Доктор был явно разочарован. - Что ж, я должен был попросить вас. Во всяком случае... выздоравливайте. И он, как военный, круто развернувшись, вышел из палаты.
Голуби за окном исчезли.
Выписали его через две недели. Он брёл по улице, освещённой ленивым светом августовского солнца, но пусто было на душе и сердце, на которое теперь не давило железо. Он пытался найти тот дом, в котором Маргарита устроила ему это роковое испытание, но пусто было и в памяти. Не было абсолютно никакой зацепки. Да и зачем было искать? Что он мог сказать той женщине? Ничего.
Он добрался до дома своей тёщи и долго сидел в засаде на лавочке беседки детского сада, скрытый кустами ободранной сирени, ожидая, не появится ли дочь, пусть хоть не одна, пусть хоть с кем-то. Он не собирался даже подходить, он хотел просто посмотреть на неё издали. Просто посмотреть. И сердце сжималось. А на тёщином балконе, как и раньше, полоскалось на ветру и сохло чужое нижнее бельё. Не дождался.
Он вспомнил слова хирурга, что нужно сильно помолиться, и усмехнулся. Куда-куда, а в церковь он уж точно не пойдёт, тем более благодарить. За что благодарить? За то, что он жив? Ему не хотелось благодарить за это. Просто врач профессионально сделал свою работу.

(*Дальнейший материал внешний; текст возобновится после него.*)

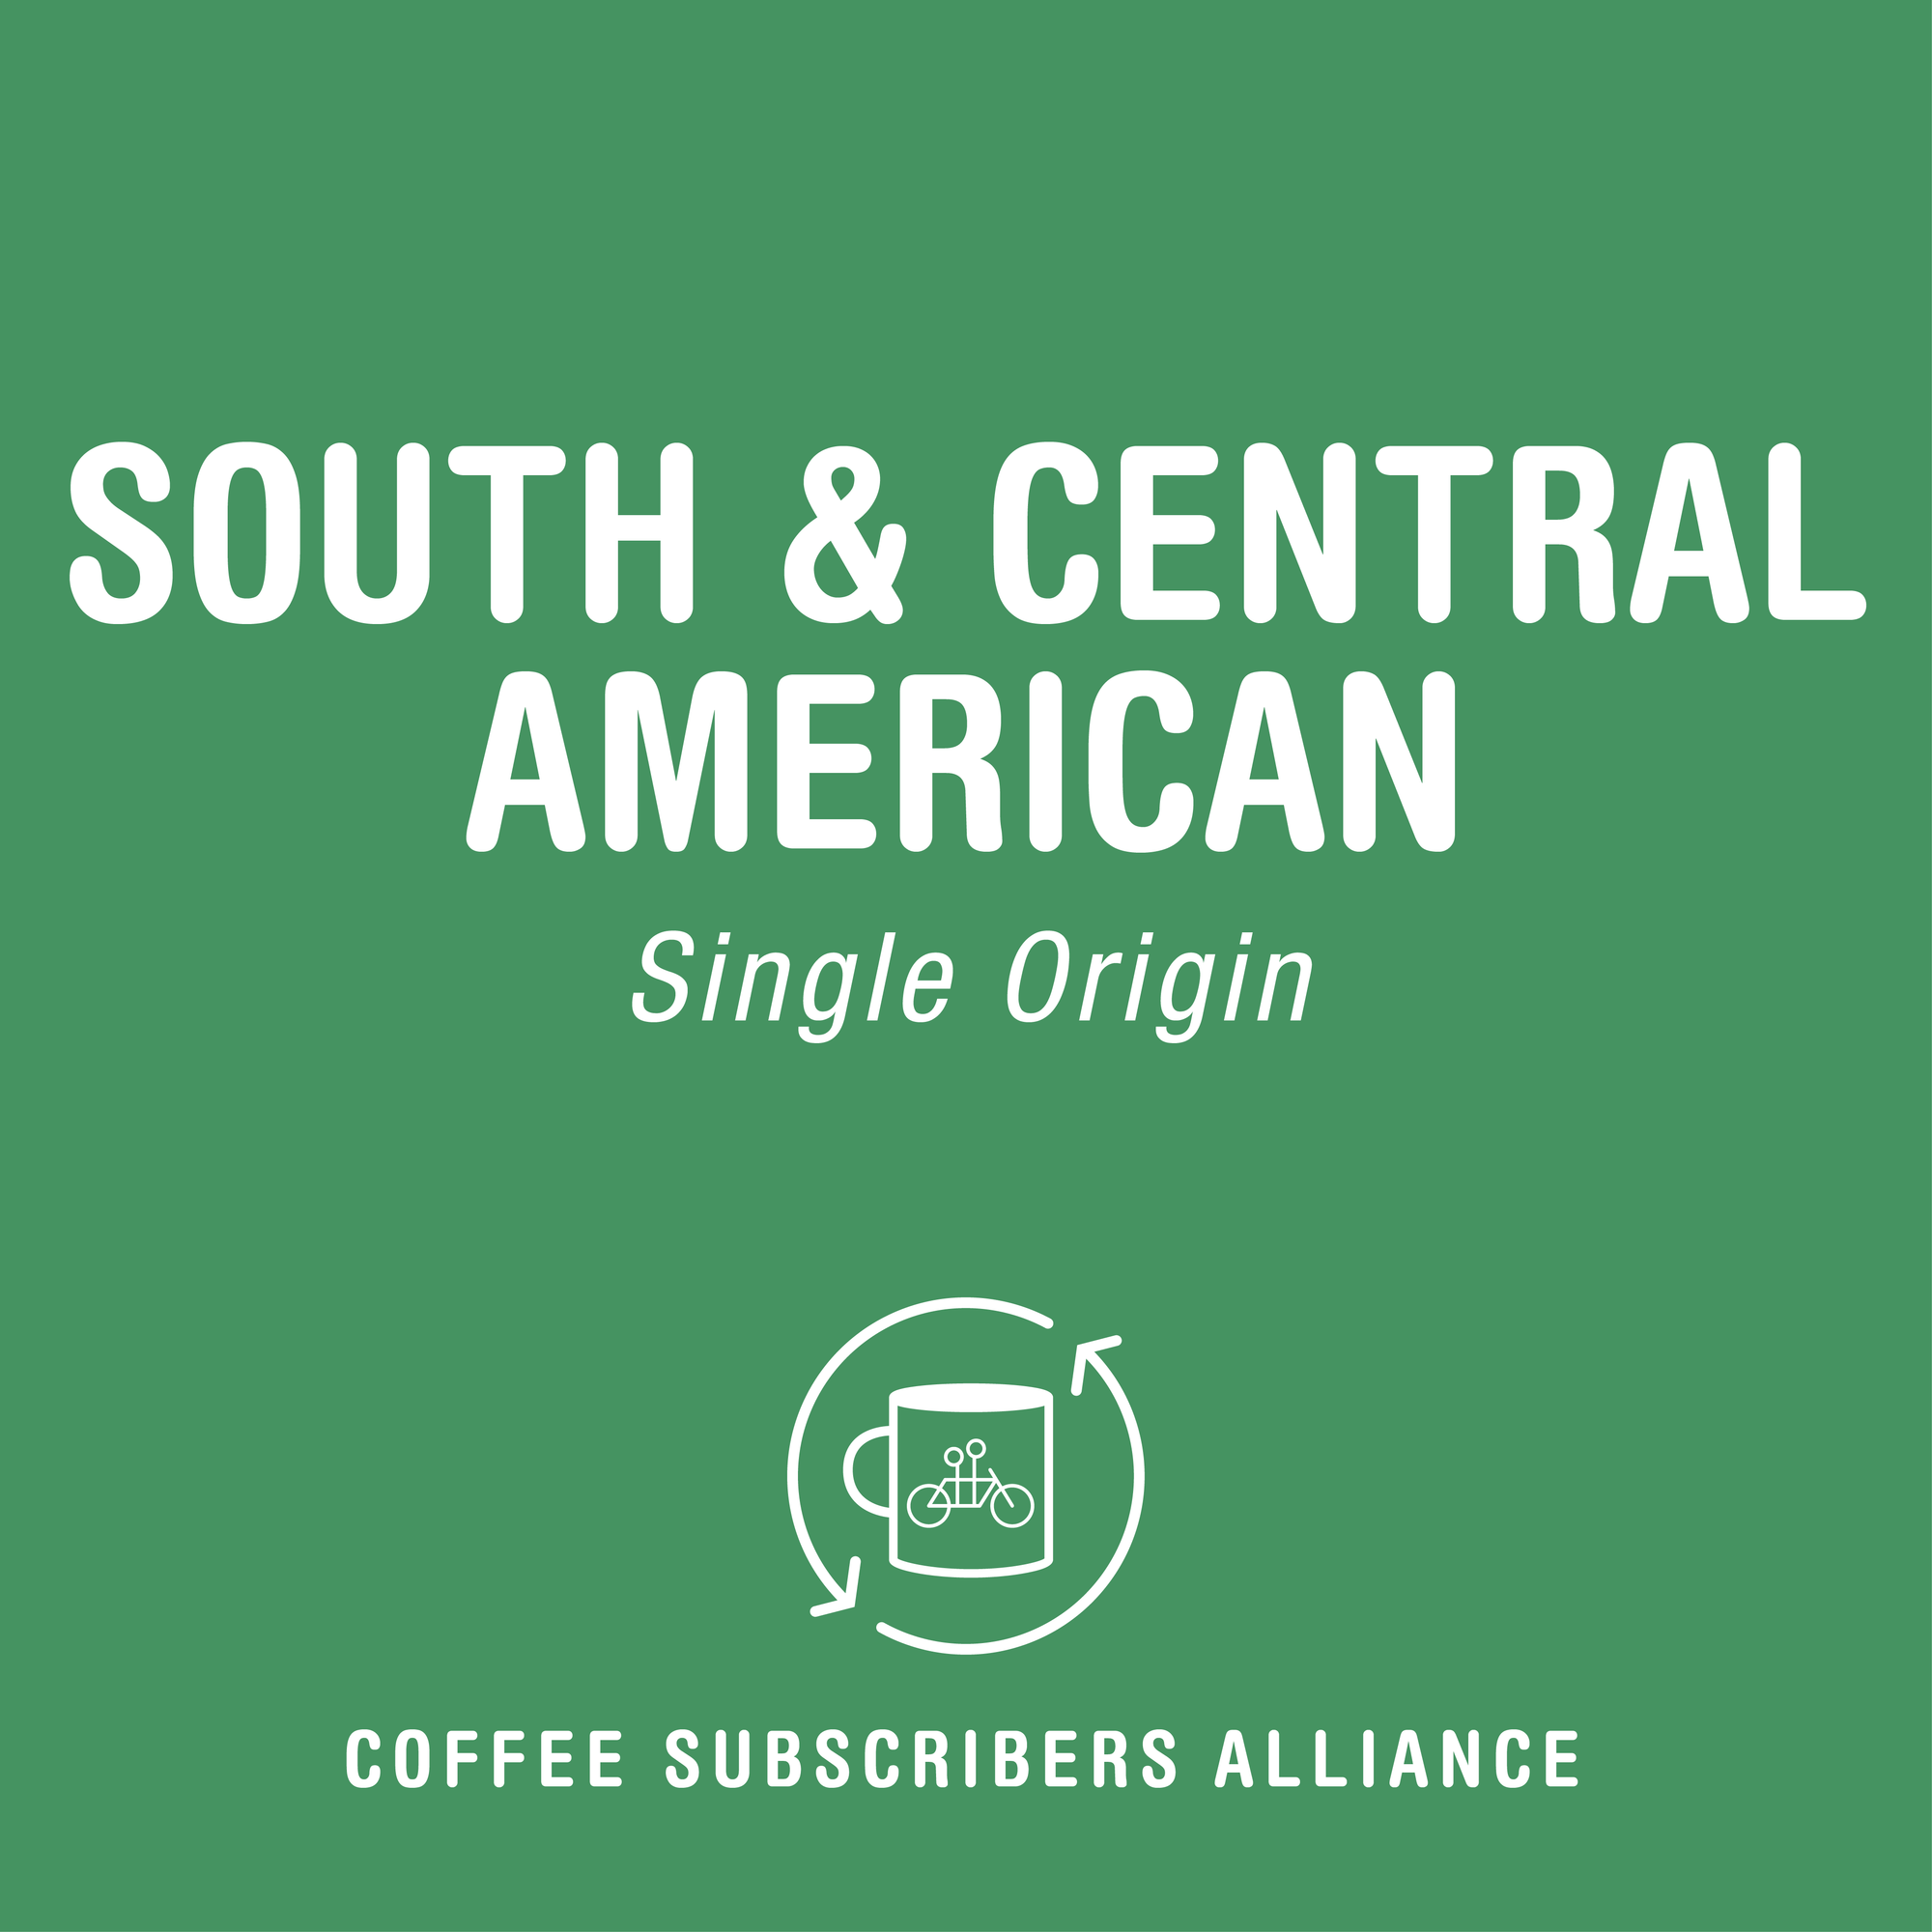 Graphic with a green background featuring text "South & Central American Subscription Gift - 2 Weeks x 12" above a logo depicting a coffee cup with a bicycle, labeled "Tandem Coffee Roasters.

Спасибо, потому что плохо выполненная работа стоила бы этому хирургу, по меньшей мере, морального неудовлетворения и, может быть, бессонной ночи. Или ночей.
Эта ночь для солдата была беспокойной. Он сидел на кухне и с каким-то остервенением пил водку. Он хотел выпить по стакану за каждого своего, запаянного в цинк и заколоченного в ящик. По целому гранёному стакану. И в каждый стакан он бросал отцепленный от планки свой орден, награждая каждого, обмывая награду с каждым. Доставал крест из выпитого стакана, целовал его, наливал водки и бросал его в стакан снова. После пяти стаканов ноги уже не держали его. А наградить нужно было ещё около взвода. Он с трудом добрался до балкона и рванул на себя дверь, вырвав с мясом оба шпингалета. Ночь ударила его свежестью, и он упал на пол. Звёзды уставились на него сверху, и одна ему подмигнула. Он подмигнул в ответ и расхохотался в безудержном веселье. Затем его мучительно рвало, и он плакал, повторяя: - Простите, ребята.
Луна вынырнула из-за тучи и упала в водку под его ногами. Он вздрогнул и попятился от до боли знакомого видения. Споткнулся о порожек и рухнул навзничь в комнату. Голова его с хрустом ударилась о диски разборной гантели, забытой на полу. Луна за окном не спряталась за тучей. Луна за окном вспыхнула и погасла.